If people are not ready to embrace these systems at home, Bilyea can envision them being applying in other personal settings. “I see it customizing what a cubicle could look like. Sound acoustic products are a whole industry in itself, and it is a whole new area for us,” she says. Wallumination has partnered with sound experts to see how imagery can be backlit, while still being acoustic. With their manufacturer, they built a sound room just outside of Toronto to test out new products.
“Everything for sound seems to use felt and tiles,” describes Bilyea. “A lot of times you cannot print on acoustic fabric, but we will be able to print on ours.” The backlit fabric is placed in front of the acoustic fabric, then both are illuminated from the front for an elegant look to a space where many spend most of their days. “If you have a boring grey cubicle, with a system that allows you to take that fabric out, you could put in your favourite piece of art printed on recycled fabric,” proposes Bilyea. “Then when you change jobs in five years, somebody else can come and put something else there.”
Putting artwork in these systems has proven complicated for two reasons: mass production and concerns by artists. “What we are finding is that the Amazons, the Houzzs, and the Wayfairs of the internet do not want do-it-yourself products,” explains Bilyea. “They want us to pick certain photos that we think are going to do well, and then market them as products.” To meet this challenge, Wallumination partners with artists who are willing to create work that can be mass produced.

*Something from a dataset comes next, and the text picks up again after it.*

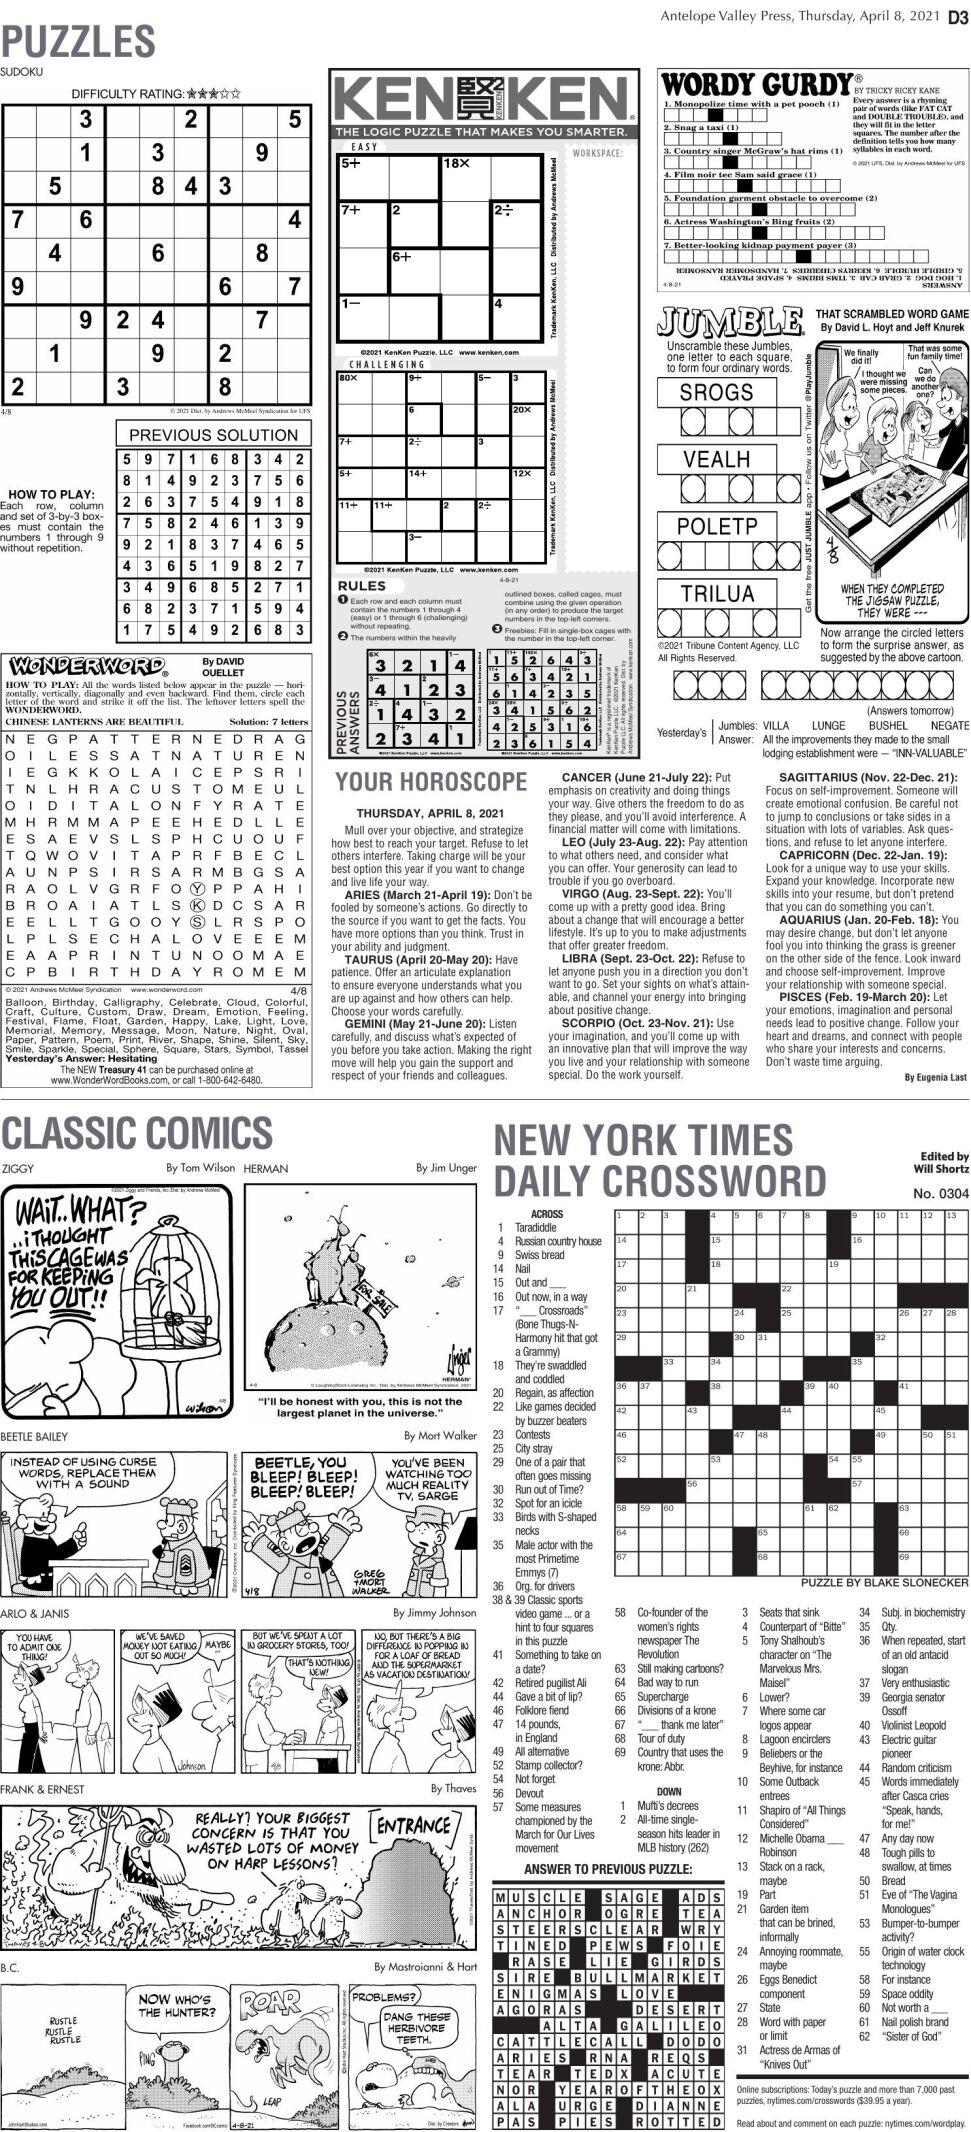 Puzzles, April 8, 2021
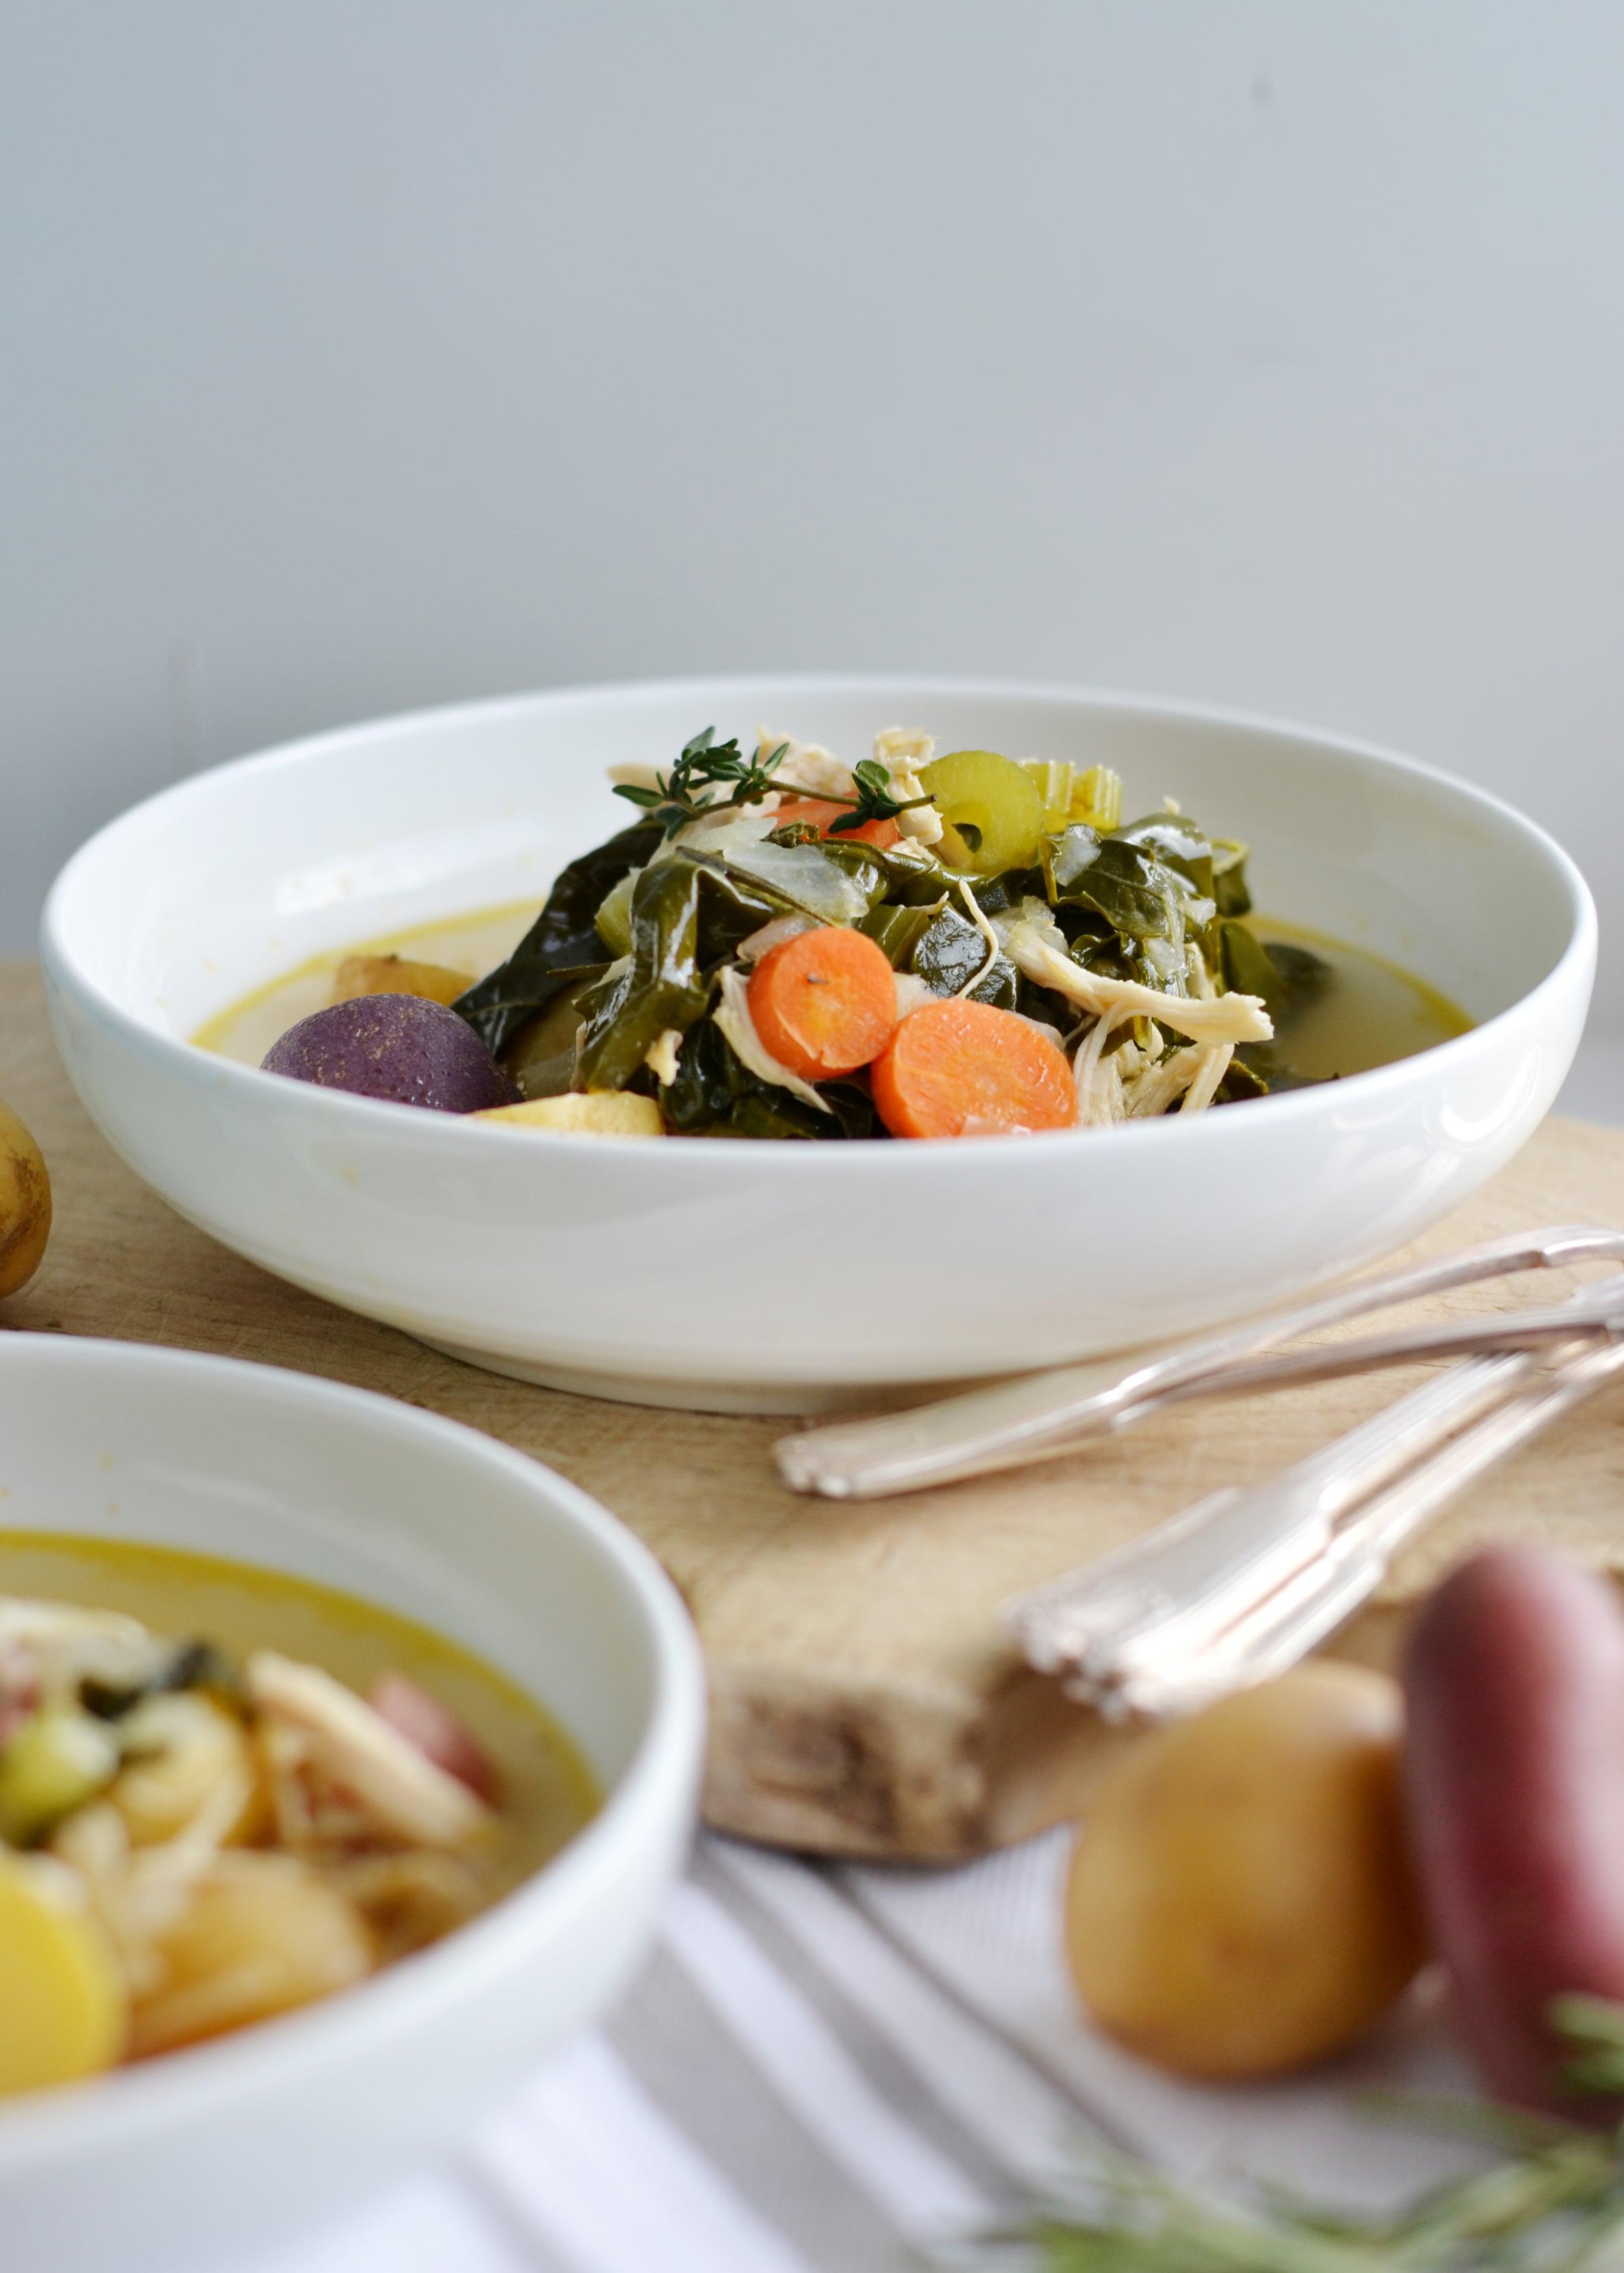 Amazing low calorie Paleo soup from boxwoodavenue.com

Bilyea’s mother who is an artist, has partnered with the company on a series of backlit imagery systems for children’s rooms.
Finding artists who are as willing as her mother has been another challenge, but one that Bilyea has managed to slowly work through. “Artists are very skittish about letting their work be used in this way unless they are already doing digital prints,” she explains. “If they are only doing originals, they do not want to devalue their art. I think that if they thought about their work being backlit, and did exclusive versions, it would add to the value.”
Some artists and photographers have considered creating backlit work, but do not have the expertise nor resources to do it. Recently, American photographer Jeff Becker partnered with Wallumination to help him promote his work.
“With the photographers and artists, it is their art, I do not own it.” says Bilyea. “You are buying a print from an artist using my box as a frame.”